Por isso, se torna necessário situá-la no universo literário de seu tempo. ALTER; KERMODE
(1997, p.12), destacaram a importância da mudança do olhar para o texto bíblico como
literatura da seguinte forma:
No decorrer das duas últimas décadas, contudo, houve uma revivescência do
interesse nas qualidades literárias desses textos, nas virtudes pelas quais eles
continuam a viver como algo mais que arqueologia. A força das narrativas
das narrativas do Gênesis ou da história de Davi, as complexidades e
refinamentos das narrativas da Paixão poderiam ser estudadas por métodos
desenvolvidos na criticada literatura secular.
No Brasil, os estudos da Bíblia como Literatura encontraram grandes dificuldades para o seu
desenvolvimento. Porém, já há instituições e grupos de pesquisa que dissociaram o aspecto
apenas religioso, ampliando suas pesquisas através da crítica e análise literária da Bíblia.
LEONEL, ZABATIERO (2011, 21), afirma que:
...a dificuldade daqueles que abordam a Bíblia apenas como texto
sagrado reside em um equivoco de base. Falta uma compreensão
adequada do que é um “texto”, bíblico ou não, e de suas funções.
Central para isso é o reconhecimento da literatura como mimesis, ou
seja, imitação e representação da realidade, e como poesis, isto é,
como criação e transformação da realidade. Nenhum texto “é” o fato
que narra ou a situação da qual testemunha. Ele é uma “representação”
do evento através de meio de comunicação que possui leis próprias.”

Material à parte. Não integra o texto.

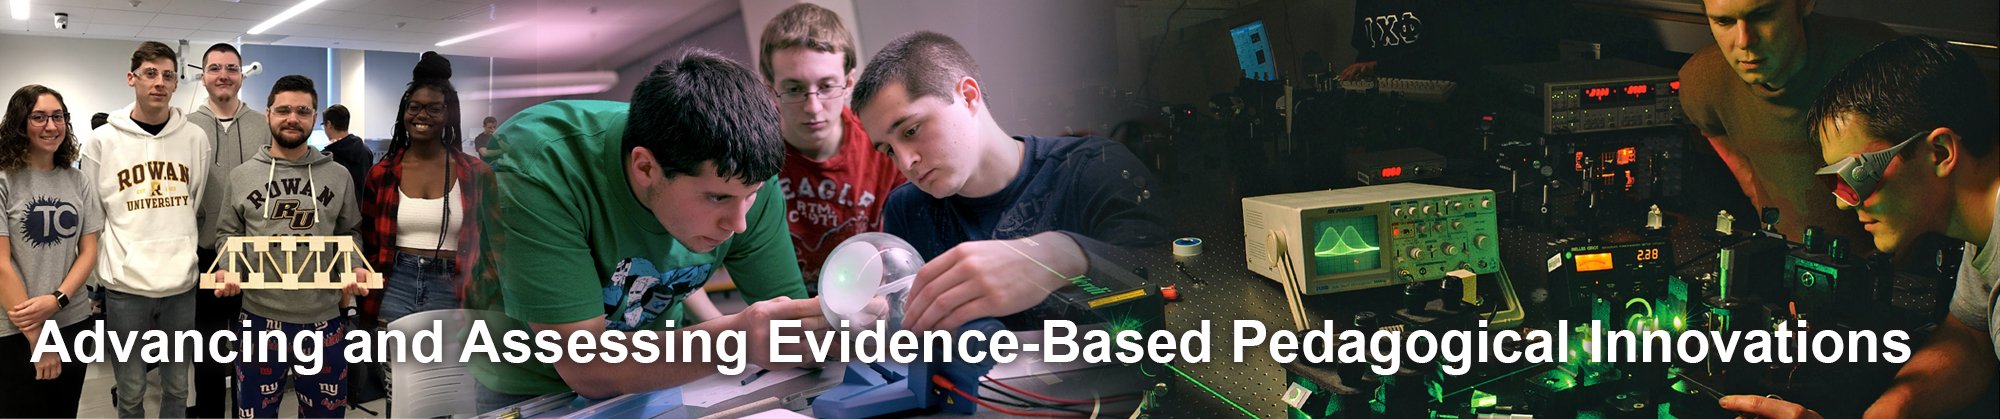 advancing-and-assessing-evidence-based-pedagogical-innovations

Alter (2007, p. 10) tem como foco da sua investigação e proposta, as narrativas da
Bíblia Hebraica e em especial nos livros do Pentateuco, afirma que “...a Bíblia, tem muita
coisa a ensinar a qualquer pessoa que se interesse por narrativa, pois sua arte – que parece
simples, mas maravilhosamente complexa – é um exemplo magnifico das grandes
possibilidades da narrativa”.
Os métodos sincrônicos ligados à narratológica, buscam uma abordagem hermenêutica
considerando a retórica narrativa presente nos relatos em sua forma final e o modo com que
são ordenados em vista de guiar o leitor de maneira pragmática na construção do sentido dos
textos.
O termo narratológica é de origem francesa e passa a ser conceituado a partir da
utilização de Tzvetan Todorov, sendo posteriormente difundido por Umberto Eco. A fim de
analisar e descrever a estruturação e o desenvolvimento da narrativa a narratologia observa
quais elementos as narrativas possuem em comum e quais componentes as diferenciam.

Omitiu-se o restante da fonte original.